DeVault: Announcing the Hare programming language
DeVault: Announcing the Hare programming language
Posted May 9, 2022 22:39 UTC (Mon) by tialaramex (subscriber, #21167)In reply to: DeVault: Announcing the Hare programming language by Wol
Parent article: DeVault: Announcing the Hare programming language
As I understand it, the problem with assumptions in naive set theories and C89 (and various other things) is that because it's an assumption rather than an axiom you don't spot where the problems are. You never write it down at all and so have no opportunity to notice that's it's too vague whereas when you're writing an axiom you can see what you're doing.
The naive theories let Russell's paradox sneak in by creating this poorly defined set, but the axioms in Zermelo's theory oblige you to define a set more carefully to have a set at all, and in that process the paradox gets defused. In particular ZFC has a "specification" axiom which says in essence OK, so, tell me how to make this "set" using another set and first order logic. The sets naive set theories were created for can all be constructed this way no problem, but weird sets with paradoxical properties cannot.

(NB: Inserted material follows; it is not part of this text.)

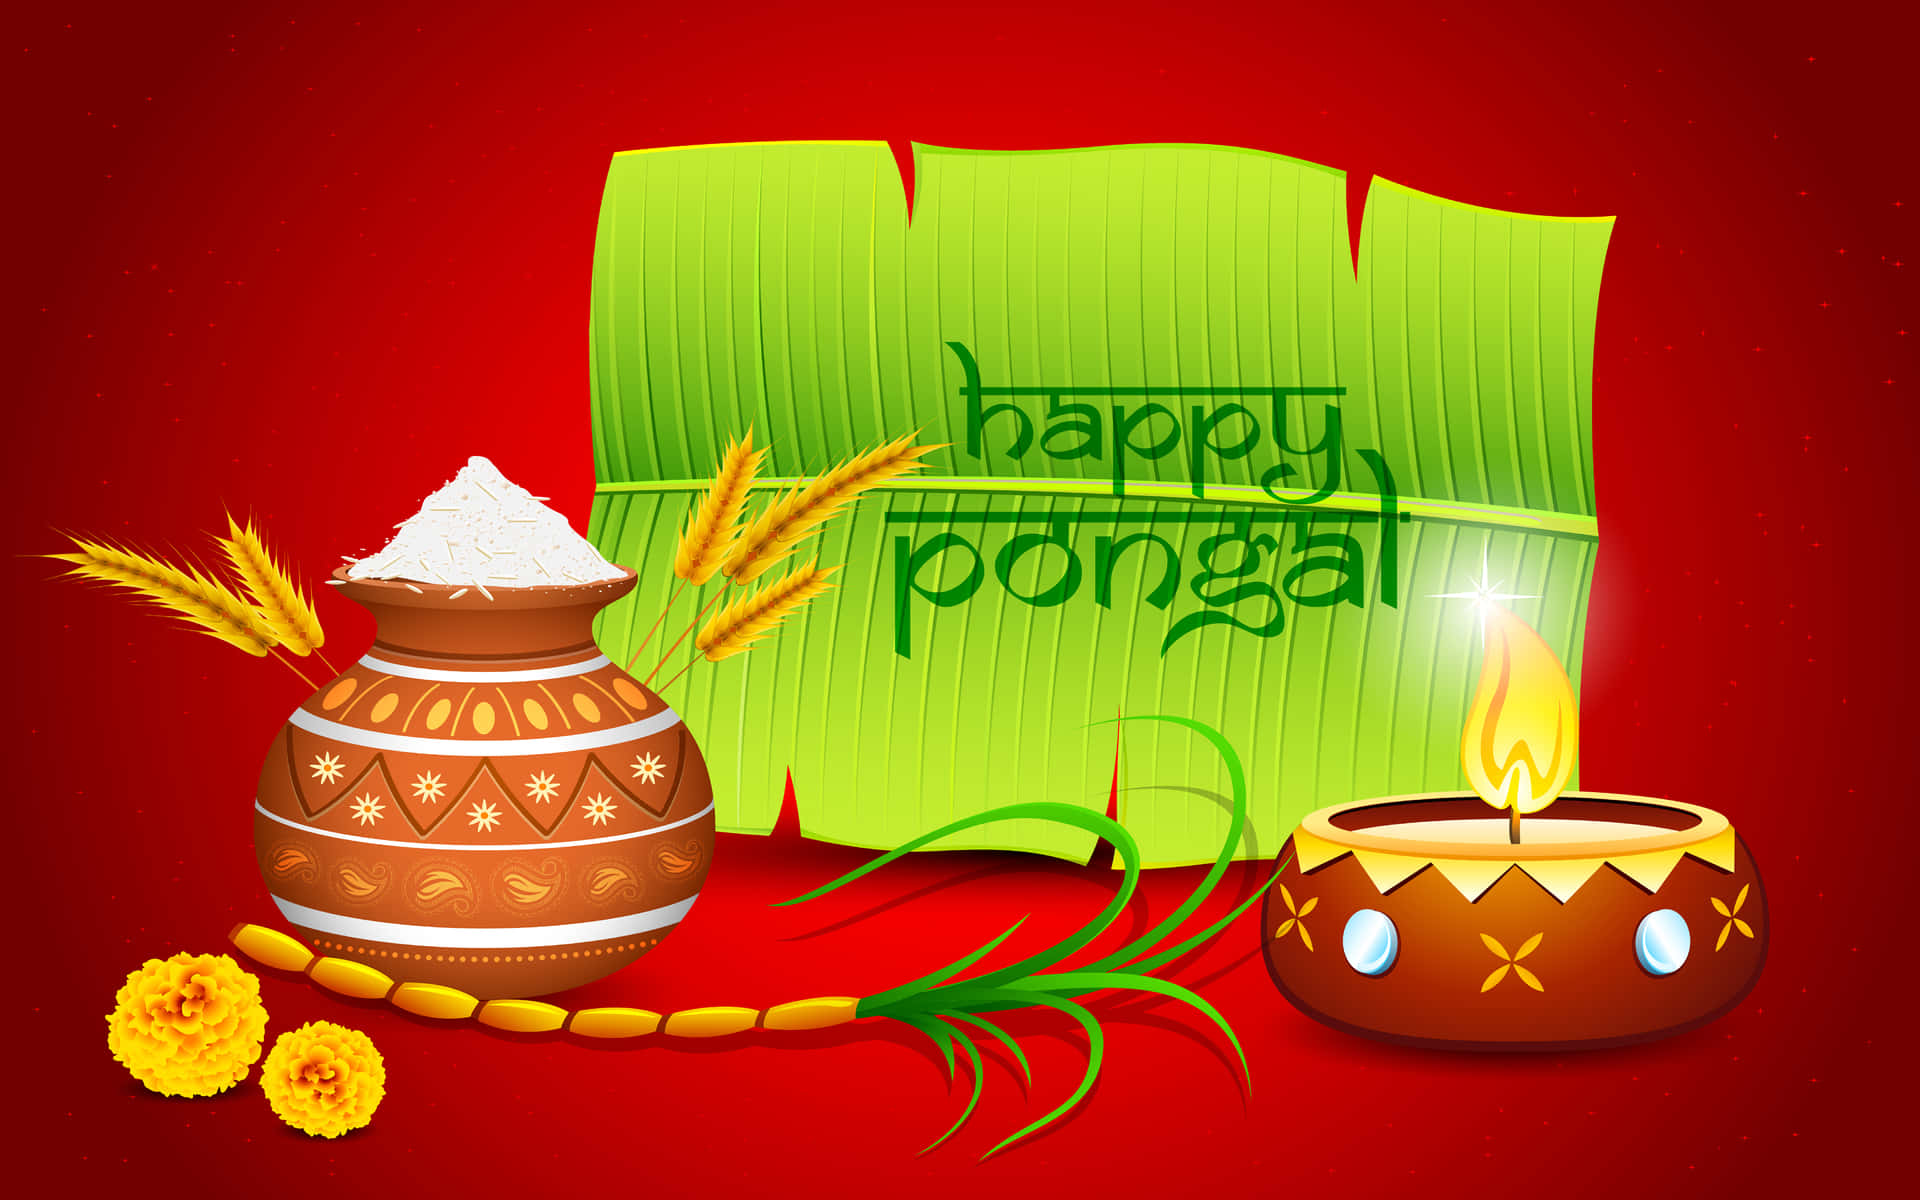 Celebrate Pongal with Colours, Joy and Sweetness

C89 assumes that pointers to things must be different, which sounds reasonable but does not formally explain how this works. I believe that it's necessary (in order for a language like C89 to avoid its equivalent of paradoxes, the programs which abuse language semantics to do something hostile to optimisation) to define such rules, and they're going to look like provenance.
I do not believe that C89 is fine, and thus that we should or could just implement C89 as if provenance isn't a thing and be happy. That's my point here. C89 wasn't written in defiance of a known reality, but in ignorance of an unknown one, like the Ptolemaic system. Geocentrists today are different from Ptolemy, but not because Ptolemy was right.